I would like to fine tune Llama2 model with my domain data and eventually convert it as a chat model. so, I can directly ask questions related to my domain data and get right response from the model. This is my objective.

I would like to get your advice/guidance on my approach to this problem whether I'm on right direction to my objective or not.

step1. collect domain data -> step2. picture the base Llama model -> step3. fine tune the base Llama model with my domain data -> step4. prepare instruction dataset -> step5. pick the above finetuned model(which is fine tuned with my domain data) now fine tune that model with instruction dataset -> step6. save the model -> step7. load the model -> step8. ask questions related to my domain data and get answer from the finetuned model.
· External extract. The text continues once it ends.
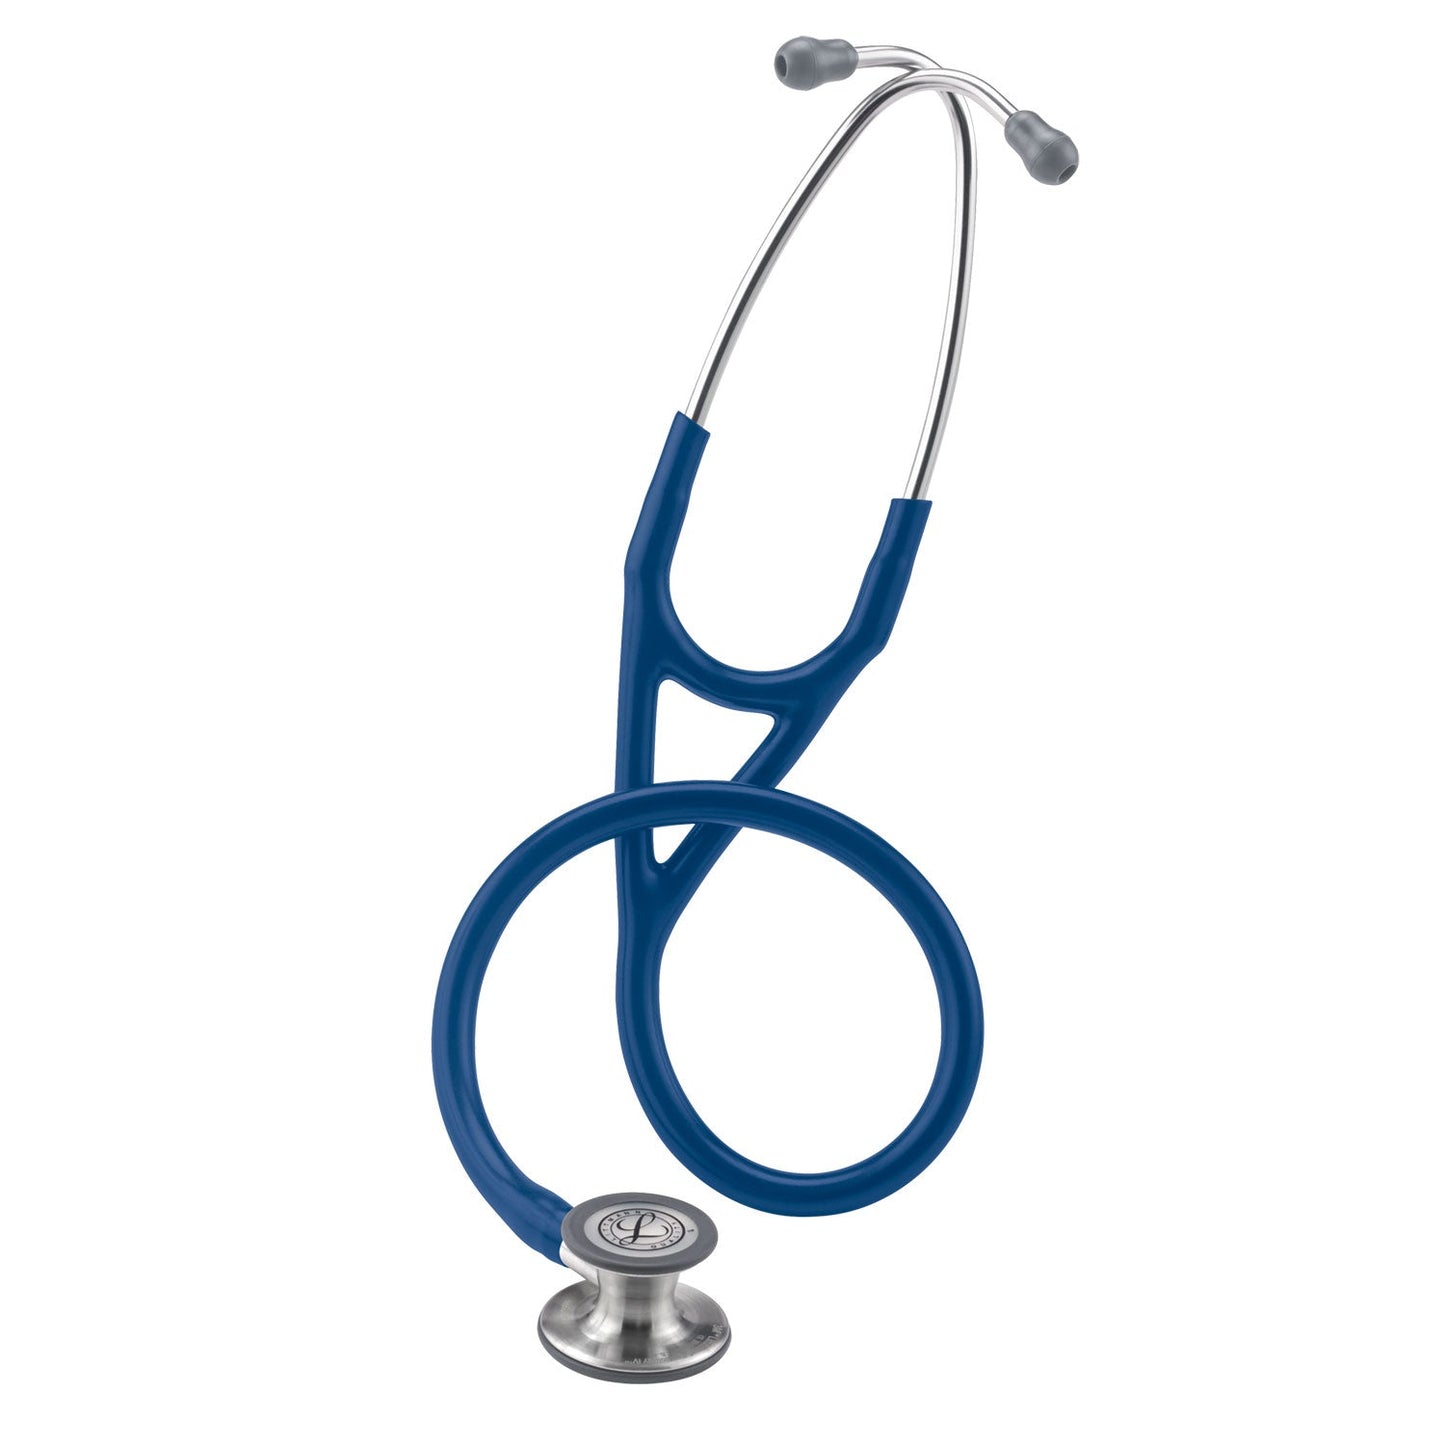 Fonendoscopio diagnóstico 3M™ Littmann® Cardiology IV™, campana de acabado estándar, tubo azul marino y vástago y auricular de acero inoxidable, 68,5 cm cm, 6154

can you please provide your thoughts in this approach? would the above approach help me to achieve my goal?

Also, I have a fews in the above approach

for the above approach should I use the base Llama model or directly use the chat model in the step2? also I have question here, if I pick the chat model, will I be able to fine tune my domain dataset(multi raw text files) because Llama chat model will not have information about my dataset right? or my domain dataset is not included in the training set.
Did you make your instruction dataset(the dataset which you have used to fine the Llama chat model) open source? if so, can you please point me there?
do I need to add special token in my dataset? because I have multiple files in my folder?
is there any input data format for llama2? do I need to combine it together? or does Llama can pick up multiple files from the same folder to fine-tune the model

@HamidShojanazeri @albertodepaola

Note : domain data file size : each file size is about 1MB no of file: 1780 files

HamidShojanazeri commented 7 months ago

@IamExperimenting sure, let me share my thoughts on it, it may depend to various factors specially data accessibility and quality but here is how I think.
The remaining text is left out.